2.      The phrase “...the Spirit of Christ within them was indicating...” in v.11 and the phrase “It was revealed to them...” at the beginning of v.12 reminds that the prophets depended on God as the ultimate source of truth...

3.      Suspect when Peter wrote these words he had in mind what he had heard Jesus say about the Holy Spirit...on several occasions Jesus described to the disciples the Holy Spirit as “the Spirit of truth”...and once He told them, “But when He, the Spirit of truth, comes, He will guide you into all truth...”[John 16:13a]

4.      Read this week that G. Campbell Morgan, the great Bible commentator, said the best way to refer to the Holy Spirit was as “the other Jesus”…I like that…we have the Spirit of Jesus, Himself, to guide us into truth…

 

1.      We must not be arrogant when it comes to spiritual things... ultimately all spiritual truth is revealed truth...what we discover about God through our inquiries...what we learn of God through our searching are those things which God has chosen to reveal to us...

2.      Christianity is a religion of revelation...and in these verses Peter reminds us that God’s ultimate revelation, full revelation is in the person of Jesus...and until we open our lives to Him...until we allow Him a resting place inside of us, we will never come to a knowledge of the truth because, as Jesus said, “He, Himself, is the truth.”

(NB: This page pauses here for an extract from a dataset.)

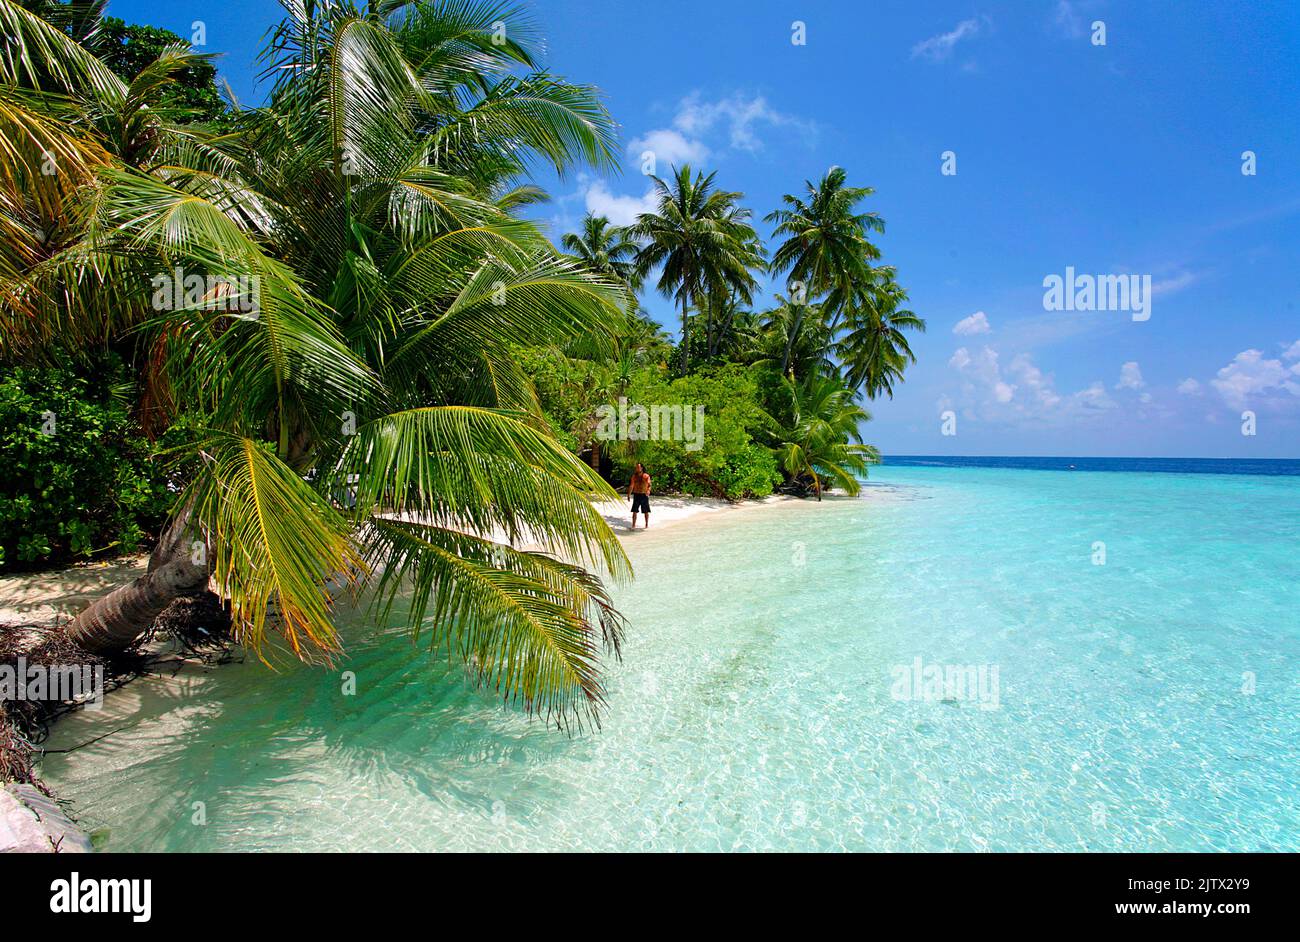 Playa, palmeras y la laguna turquesa de una isla maldiva deshabitada, Maldivas, Océano Indisano, Asia Foto de stock

                                                        

1.      When Harvard University was founded, its motto was "Veritas Christo et Ecclesiae" (Truth for Christ and the Church).  Its crest showed three books, and one of the books was face down to symbolize the limitation of human knowledge.  But in recent decades the book which was face down on the crest of Harvard has been turned face up to represent the unlimited capacity of the human mind.  And the motto has been modified to simply "Veritas" (truth), dropping any reference to Christ and the church. [INFOSEARCH]

2.      But the prophets of old remind us that the process of discovering real truth involves more than just human effort...while we certainly should make “careful search and inquiry” as the prophets did, we should also allow the Spirit of God to lead us into truth...



[1] Utley, R. J. D. (2000). Vol. Volume 2: The Gospel according to Peter: Mark and I & II Peter. Study Guide Commentary Series (220). Marshall, Texas: Bible Lessons International.